Pressure mounts on government to pay £15bn in compensation to workers who lost occupational pensions

The government is facing increasing pressure to pay up to £15bn in compensation to workers who lost their pensions after it was heavily criticised by an influential group of MPs.

A report by the public administration select committee has concluded that the government misled employees over the security of occupational pension schemes and has since been more concerned with denials than compensation.

The committee gave its full backing to similar conclusions by the parliamentary ombudsman, Ann Abraham, who investigated the plight of 85,000 workers who lost pensions when their employers folded.

Her report, published in March, concluded government maladministration had meant workers were not fully aware of risks and called for victims to be fully compensated for lost pensions and to be awarded damages for their suffering.

Ministers refused to accept her findings and said they would not use taxpayers’ cash to compensate workers.

The committee said ministers’ rejection of the ombudsman’s findings raised “fundamental constitutional issues”.

“The government has been far too ready to dismiss the ombudsman’s findings of maladministration,” the committee said. “We trust that this report will act as a warning.”

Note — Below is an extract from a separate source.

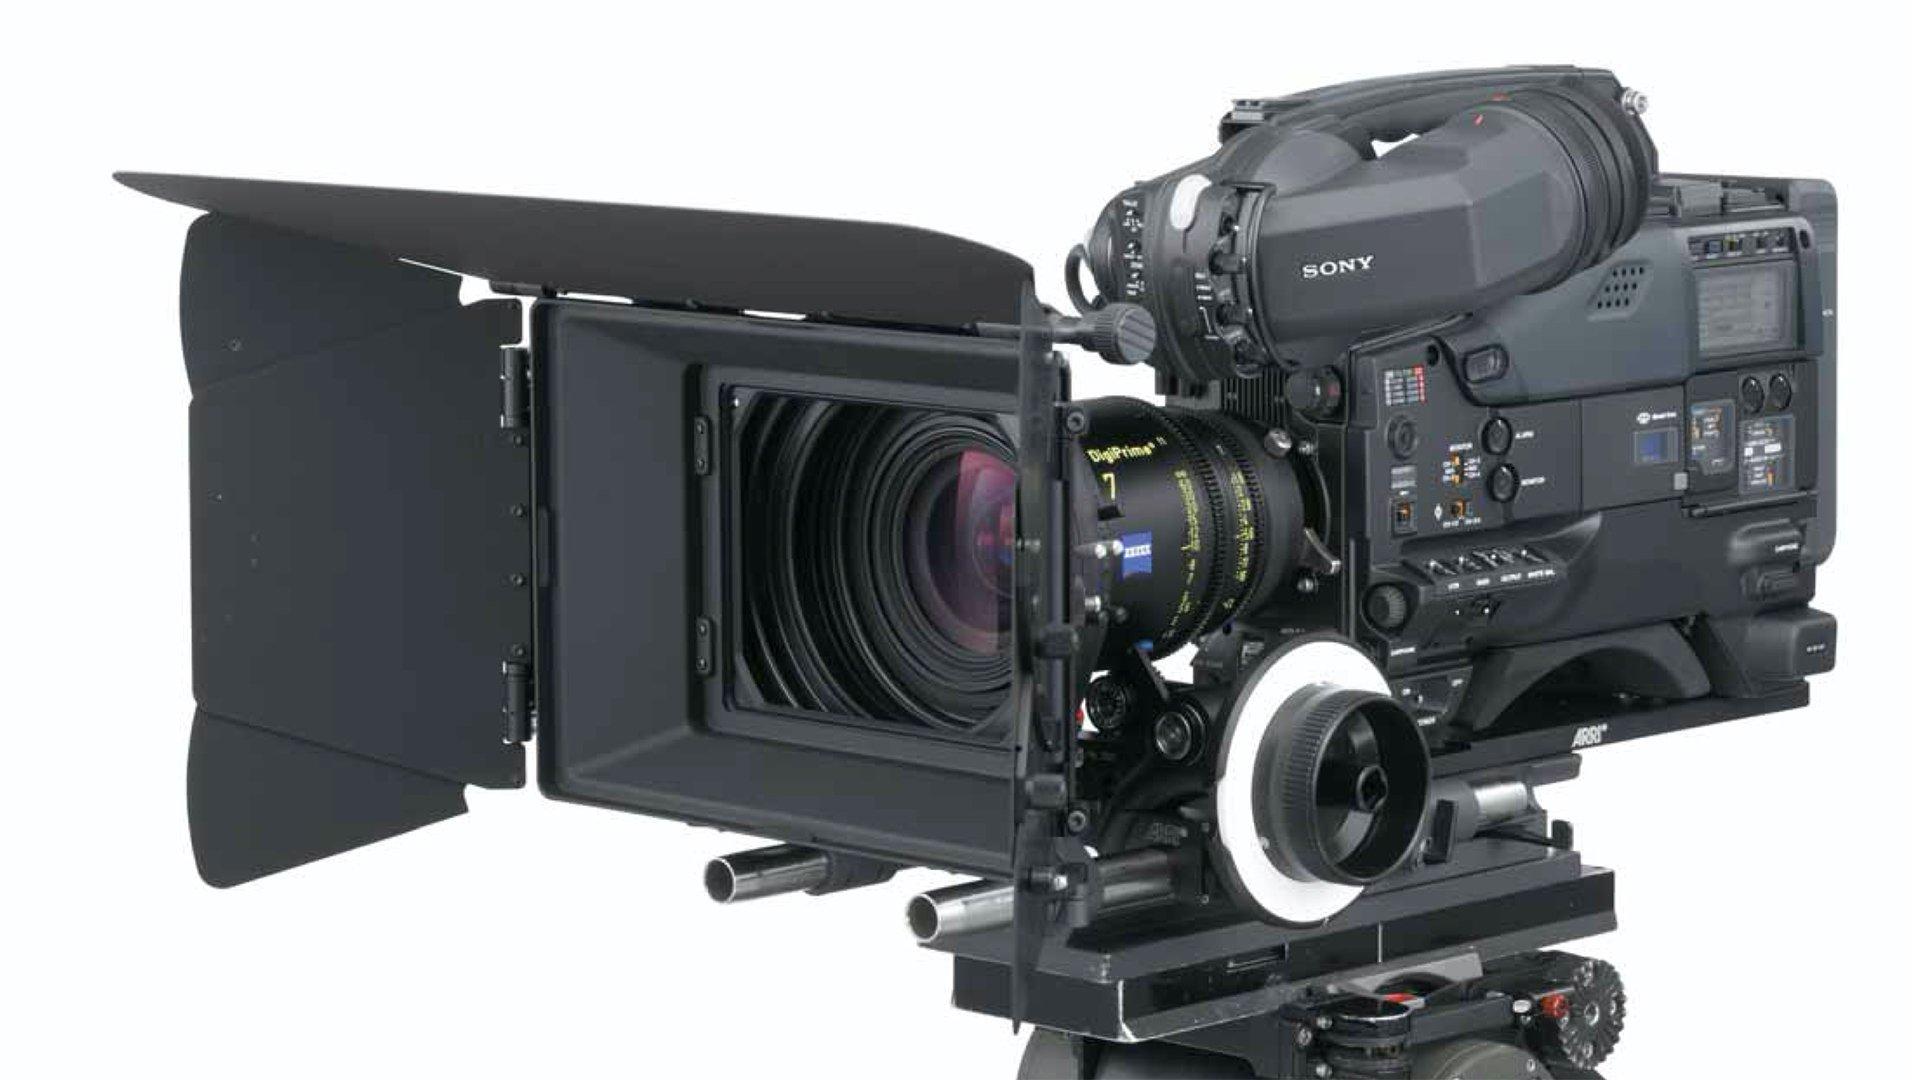 Sony HDW-F900R HDCAM camcorder

It said better payouts were urgently needed for tens of thousands of workers who lost some or all of their pensions after their companies went bust.

The Department for Work and Pensions said that enacting recommendations by the ombudsman could cost the government some £15bn over the long term.

“We do not agree that the government acted with maladministration or that there is a link between the general, introductory information we published and the loss of people’s pensions,” a spokesman told the Guardian.

“We do, of course, have the utmost sympathy for the plight of people in this situation, which is why we recently extended the financial assistance scheme with a commitment of £2bn.”